What is required: In the entries that follow, repeat exactly the lines from the one that has "Lara Croft Png" through the one that has "Inter-factory Connection in", but omit pictures.

Information shown:

-- -- --

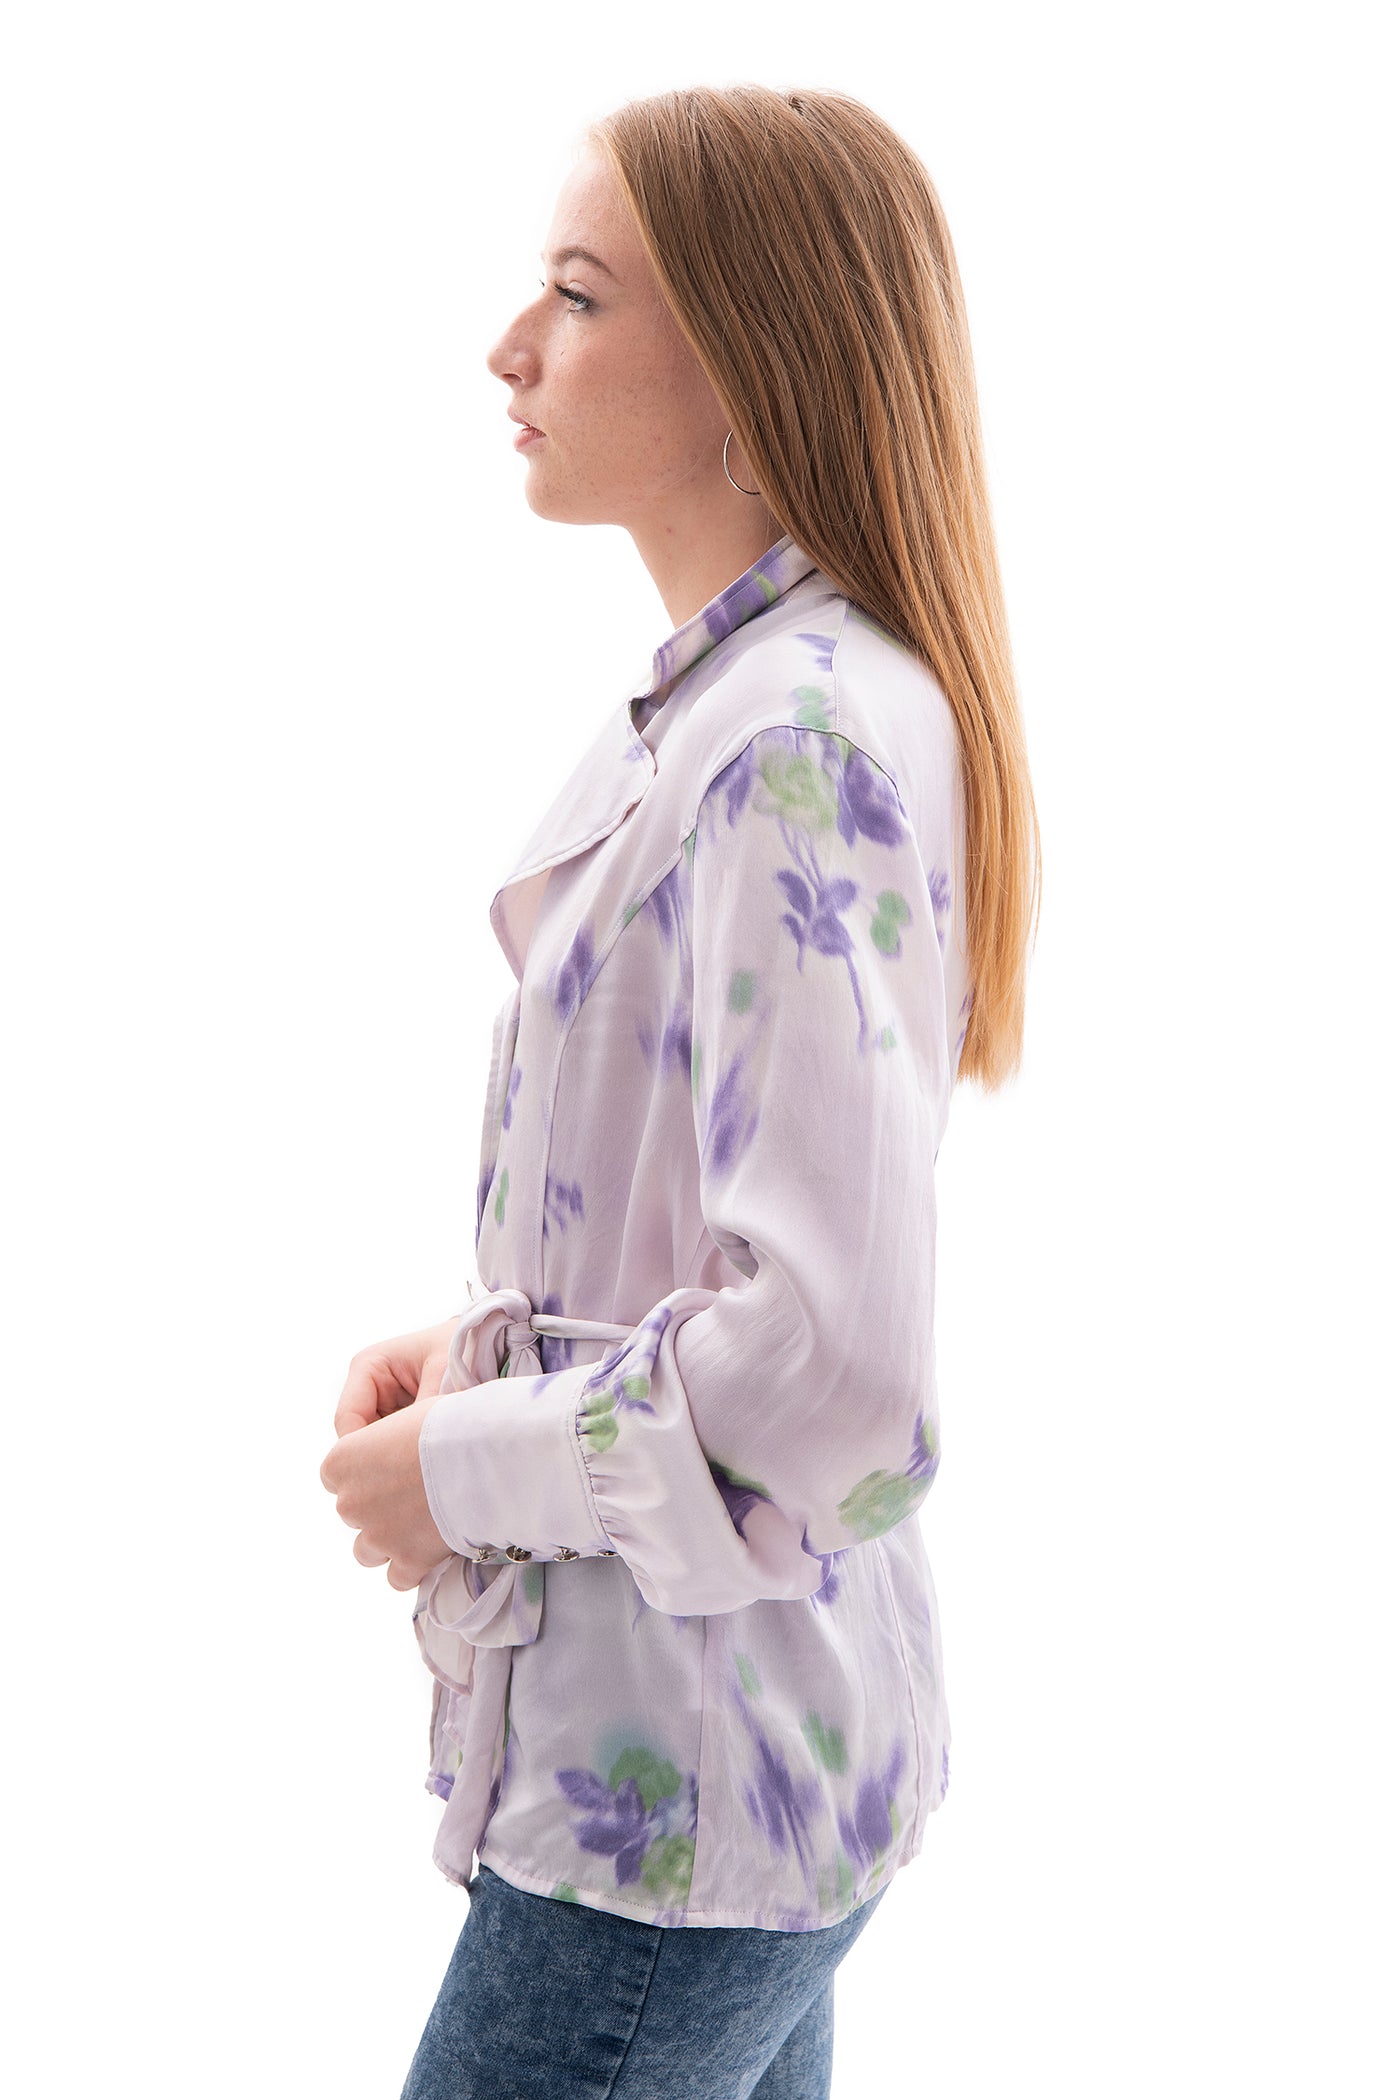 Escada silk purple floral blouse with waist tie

-- -- --

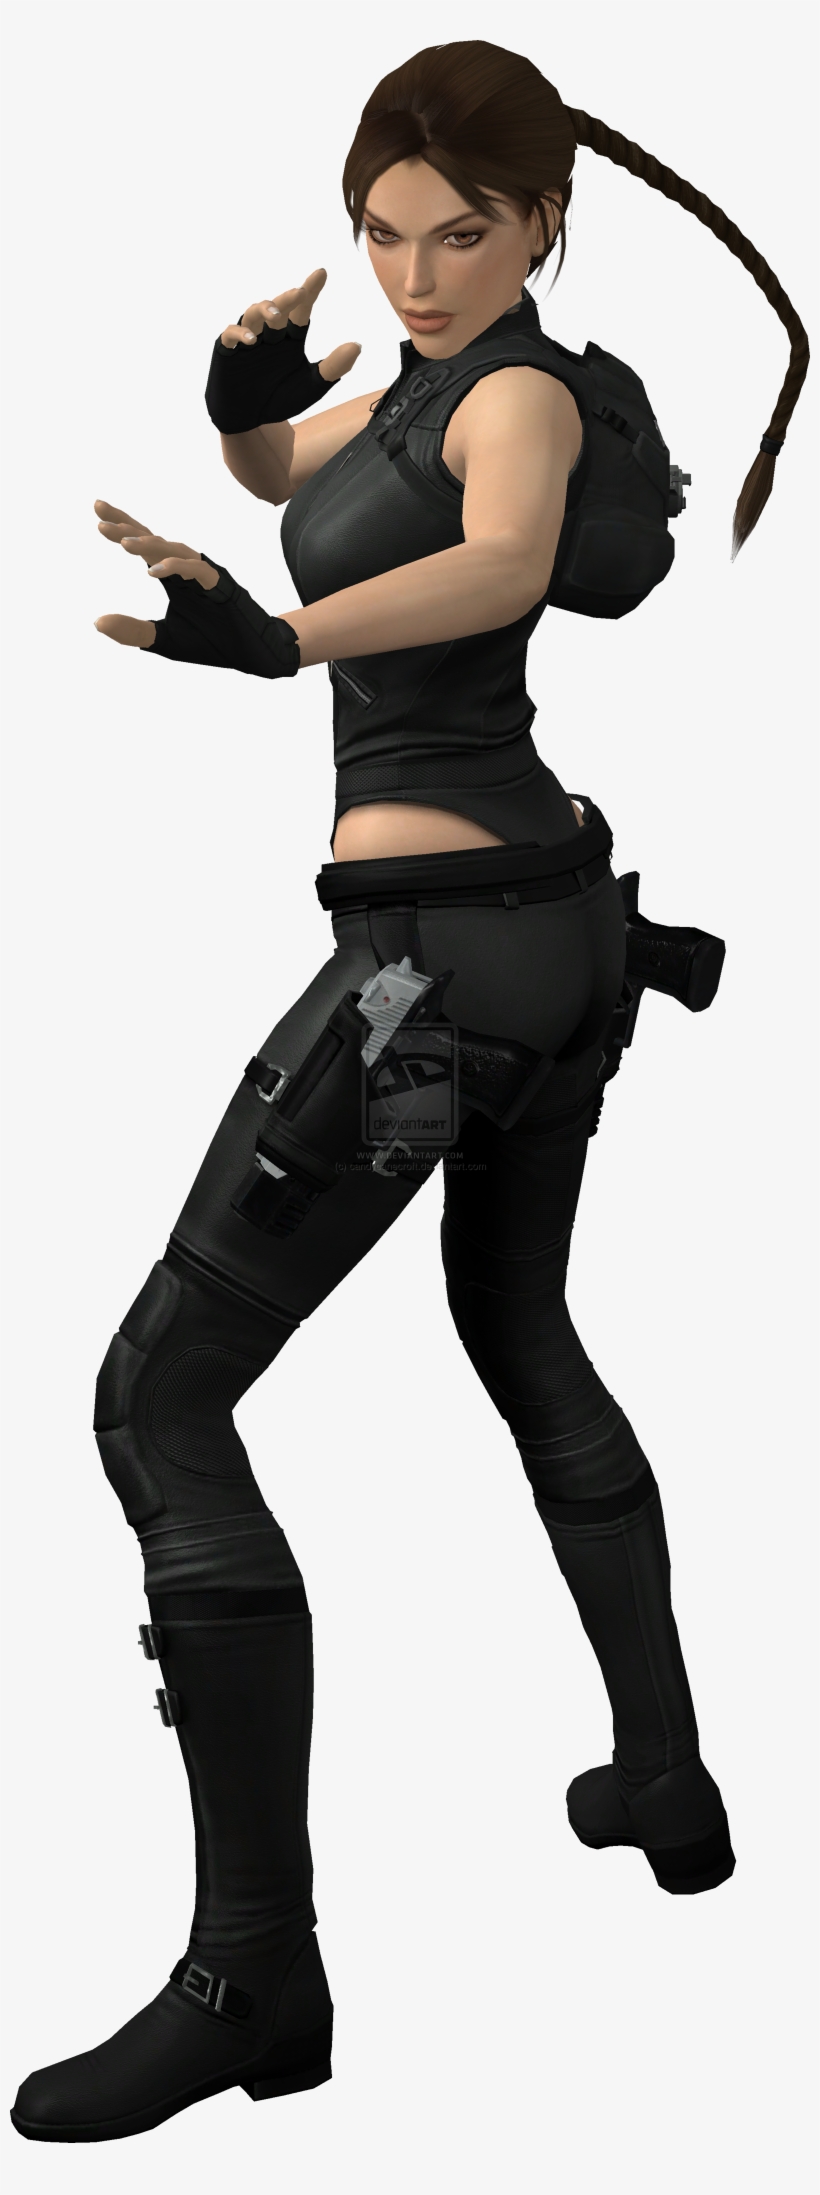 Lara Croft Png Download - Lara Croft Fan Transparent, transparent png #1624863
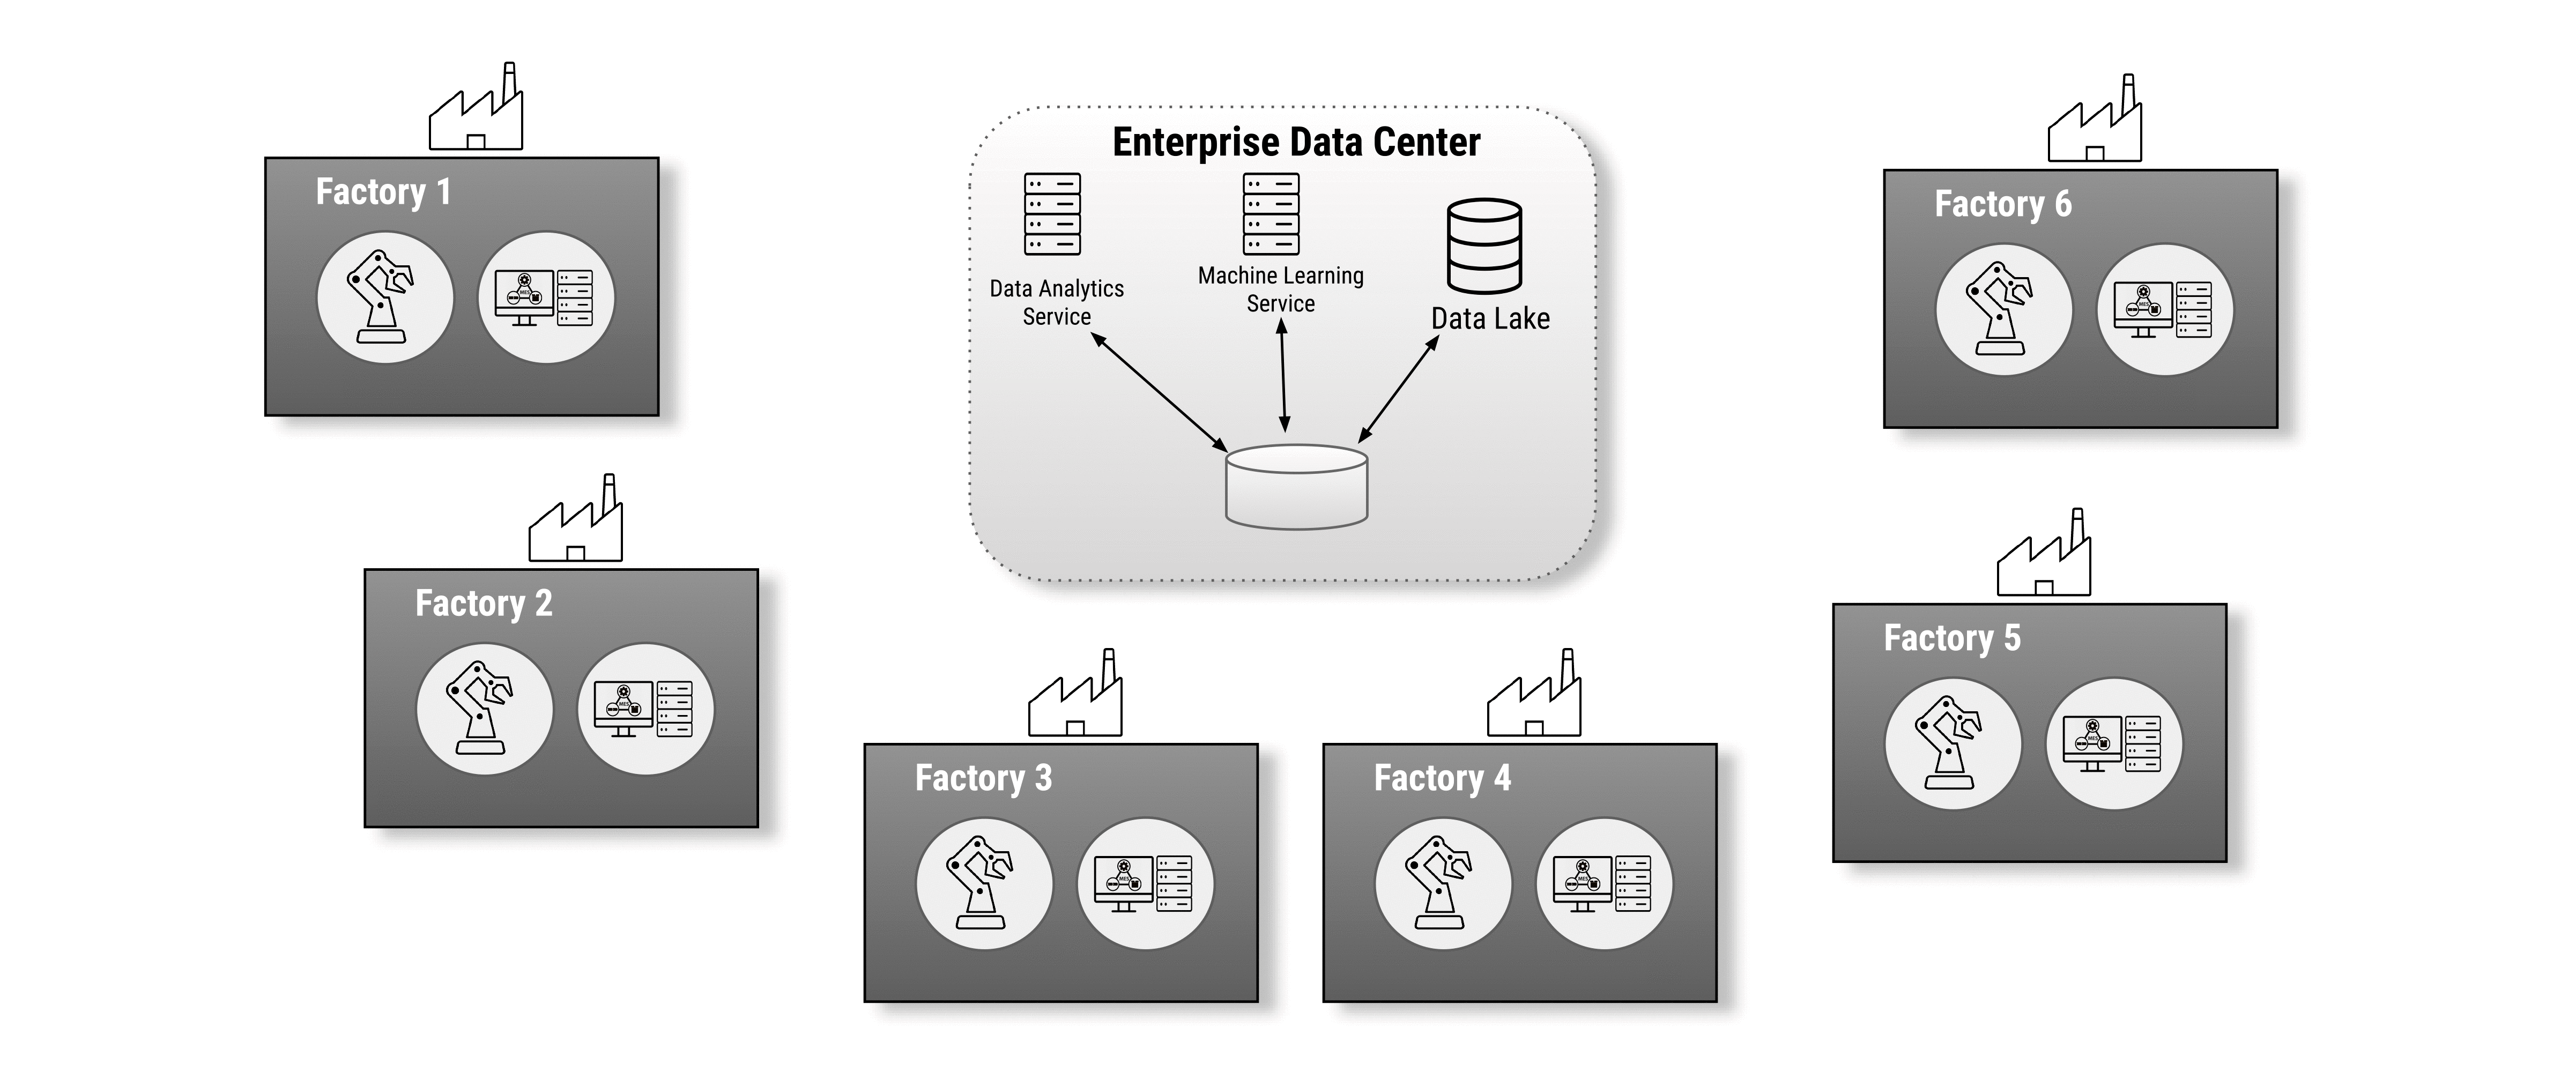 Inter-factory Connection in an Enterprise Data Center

-- -- --

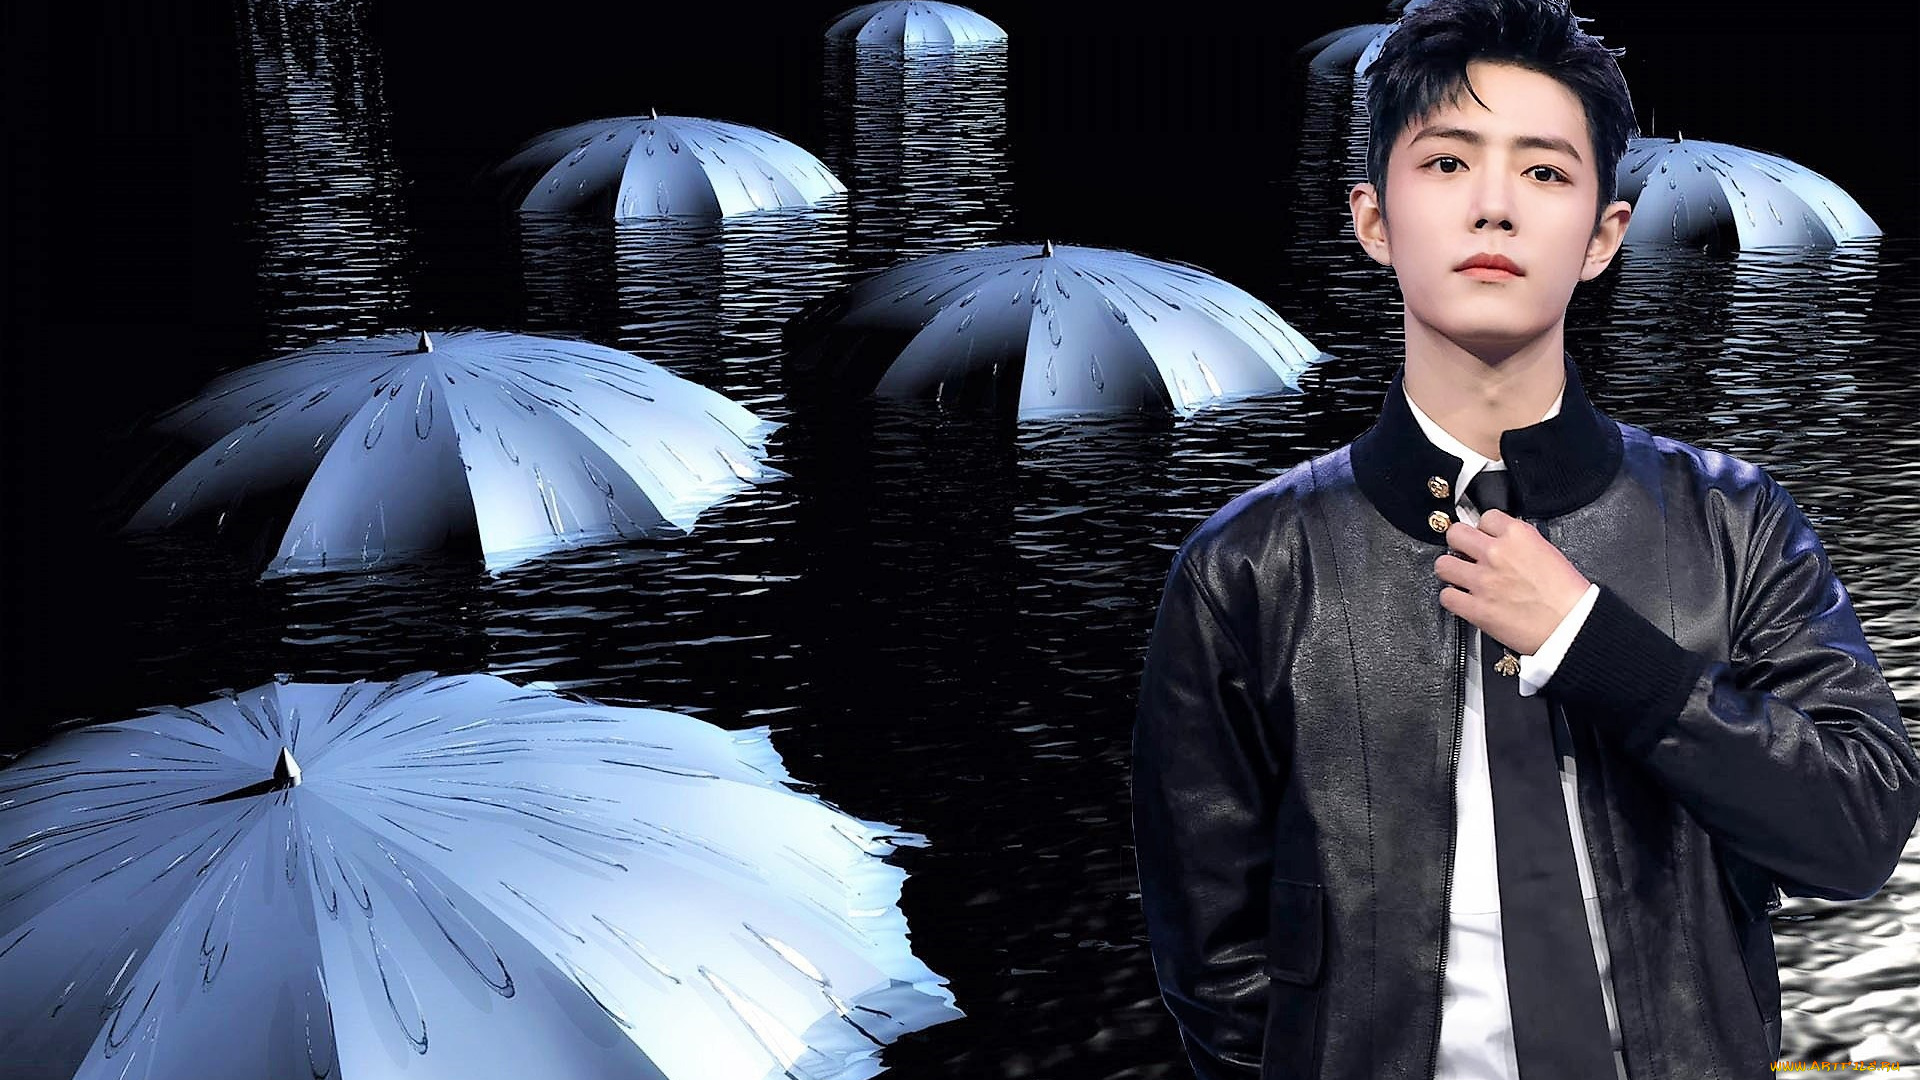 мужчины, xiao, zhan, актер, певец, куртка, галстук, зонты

-- -- --

The answer:
 Lara Croft Png Download - Lara Croft Fan Transparent, transparent png #1624863
 Inter-factory Connection in an Enterprise Data Center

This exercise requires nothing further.